Video-LLaVA
Video-LLaVA copied to clipboard
Distributed Inference Doesn't Work
I followed the instructions in the README to install the conda environment and run the video inference sample code. I get an error
line 289, in prepare_inputs_labels_for_multimodal
cur_new_input_embeds = torch.cat(cur_new_input_embeds)
RuntimeError: Expected all tensors to be on the same device, but found at least two devices, cuda:0 and cuda:6! (when checking argument for argument tensors in method wrapper_CUDA_cat)
The code runs successfully when I limit the visible cuda devices to a single GPU, e.g. CUDA_VISIBLE_DEVICES=0.
HELLO @dfan what gpu are you using ? Are I'm facing the same problem as you, Have you solve this problem ?
ok guys, i fixed the same problem using the command
--device "cuda:0"
might help you
CUDA_VISIBLE_DEVICES=0 your_script.py
Thx ~
@dfan , were you able to run it with multiple GPUs? I also need distributed inference.
@dfan, I've fixed it in https://github.com/PKU-YuanGroup/Video-LLaVA/pull/145. We no longer need to restrict inference to a single device (e.g., cuda:0
). With this PR, we can distribute the inference to as many GPUs as we want (e.g., coda:0,1
for 0 and 1 or cuda
for all GPUs available).
@LinB203 , please check this.
@shouborno, I'm having the same issue. Just to make sure I understand your fix: doesn't it just write everything onto 1 again? How can I use all GPU available?
@shouborno, I'm having the same issue. Just to make sure I understand your fix: doesn't it just write everything onto 1 again? How can I use all GPU available?
It should allow using all your GPUs. For example, if your VRAM runs out of allocatable mamory space with a single GPU, that shouldn't happen with this LLaVA distributed inference fix.

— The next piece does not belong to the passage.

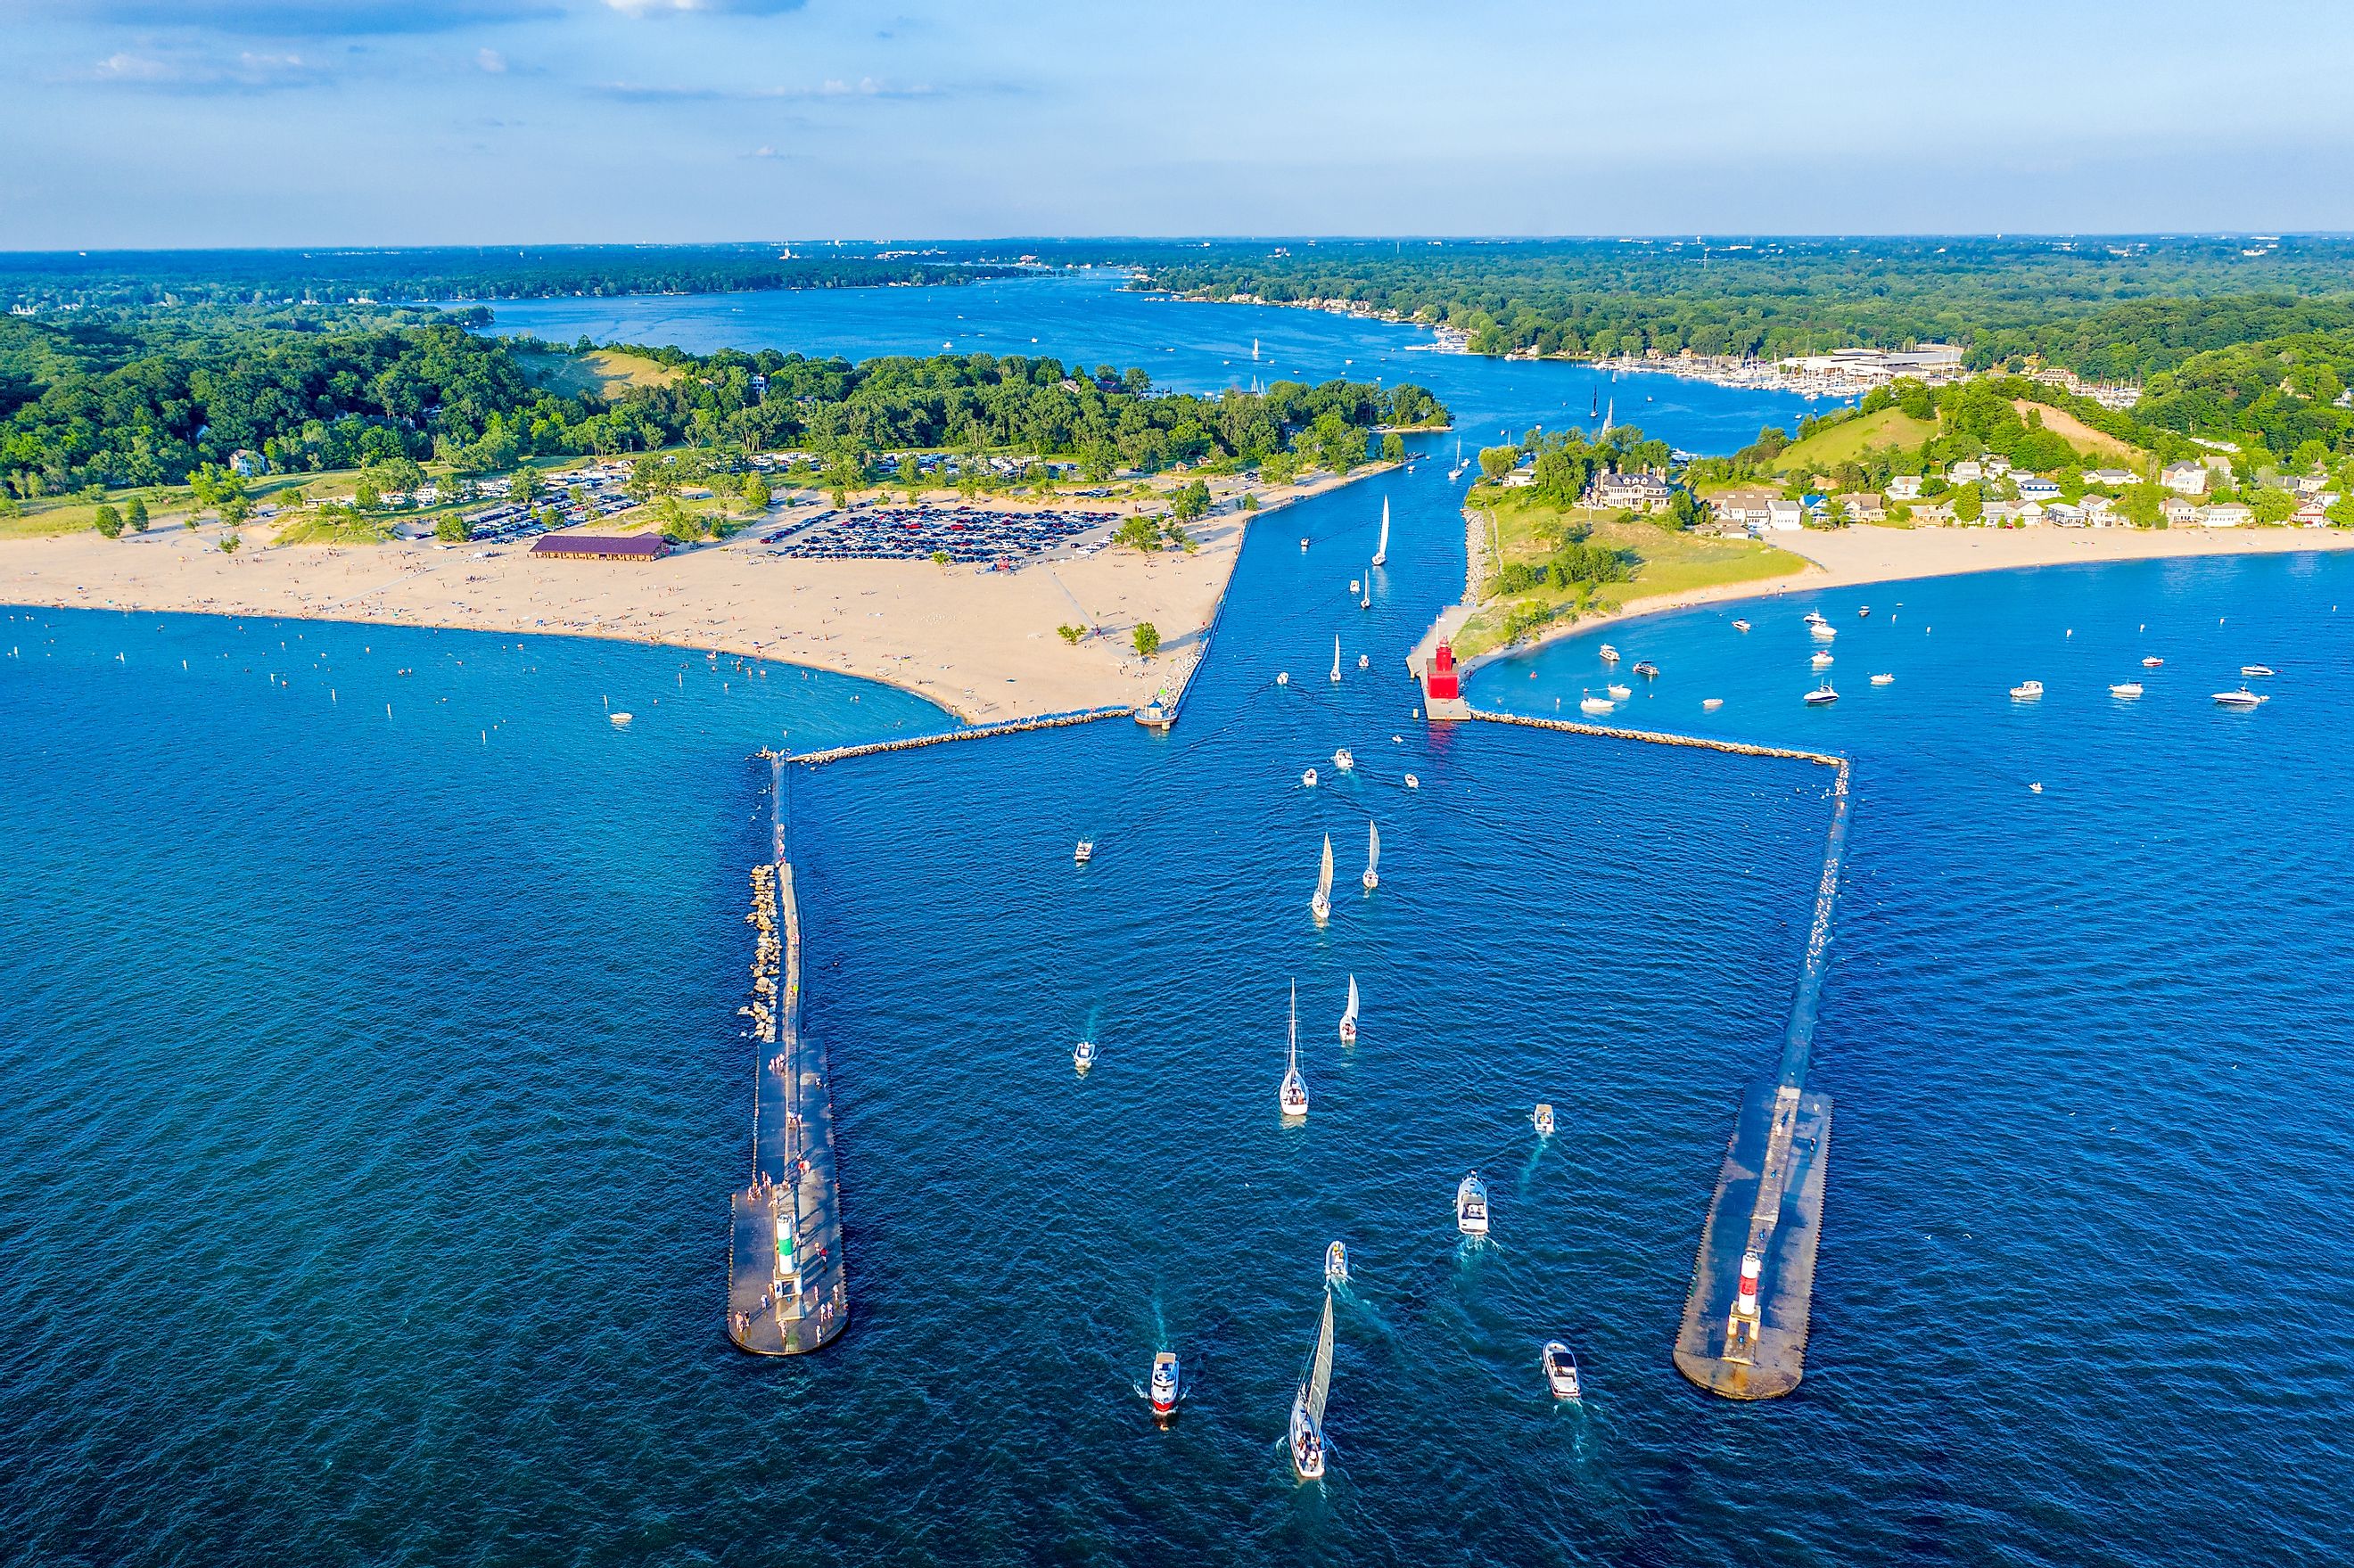 Aerial view of the Holland Harbor Lighthouse at the channel connecting Lake Macatawa with Lake Michigan in Holland State Park, Michigan.

@shouborno, I'm having the same issue. Just to make sure I understand your fix: doesn't it just write everything onto 1 again? How can I use all GPU available?

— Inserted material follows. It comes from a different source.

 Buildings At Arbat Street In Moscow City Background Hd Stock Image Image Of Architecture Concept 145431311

It should allow using all your GPUs. For example, if your VRAM runs out of allocatable mamory space with a single GPU, that shouldn't happen with this LLaVA distributed inference fix.
After implementing your proposed fix: `[...] cur_new_labels.append(torch.full((cur_image_features.shape[0],), IGNORE_INDEX, device=cur_labels.device, dtype=cur_labels.dtype))
cur_new_input_embeds = [x.to(self.device) for x in cur_new_input_embeds]
cur_new_input_embeds = torch.cat(cur_new_input_embeds)
cur_new_labels = torch.cat(cur_new_labels)`
`File ~/anaconda3/envs/languagebind/lib/python3.10/site-packages/torch/nn/modules/module.py:1520, in Module._call_impl(self, *args, **kwargs) 1515 # If we don't have any hooks, we want to skip the rest of the logic in 1516 # this function, and just call forward. 1517 if not (self._backward_hooks or self._backward_pre_hooks or self._forward_hooks or self._forward_pre_hooks 1518 or _global_backward_pre_hooks or _global_backward_hooks 1519 or _global_forward_hooks or _global_forward_pre_hooks): -> 1520 return forward_call(*args, **kwargs) 1522 try: 1523 result = None
File ~/anaconda3/envs/languagebind/lib/python3.10/site-packages/accelerate/hooks.py:165, in add_hook_to_module.
File ~/anaconda3/envs/languagebind/lib/python3.10/site-packages/transformers/models/llama/modeling_llama.py:346, in LlamaAttention.forward(self, hidden_states, attention_mask, position_ids, past_key_value, output_attentions, use_cache) 343 attn_weights = attn_weights + attention_mask 345 # upcast attention to fp32 --> 346 attn_weights = nn.functional.softmax(attn_weights, dim=-1, dtype=torch.float32).to(query_states.dtype) 347 attn_output = torch.matmul(attn_weights, value_states) 349 if attn_output.size() != (bsz, self.num_heads, q_len, self.head_dim):
OutOfMemoryError: CUDA out of memory. Tried to allocate 1.41 GiB. GPU 0 has a total capacity of 14.58 GiB of which 940.50 MiB is free.`
Running it without your fix throws the 'expected' error
line 289, in prepare_inputs_labels_for_multimodal cur_new_input_embeds = torch.cat(cur_new_input_embeds) RuntimeError: Expected all tensors to be on the same device, but found at least two devices, cuda:0 and cuda:6! (when checking argument for argument tensors in method wrapper_CUDA_cat)
@dandre0102 , it might depend on your data and the number of tokens. For example, for my use case, with a total of 48GB GPU (cuda:0,1
), I need 4bit quantization. With cuda:0
or cuda:1
on their own (24GB), it runs out of memory even with 4bit quantization.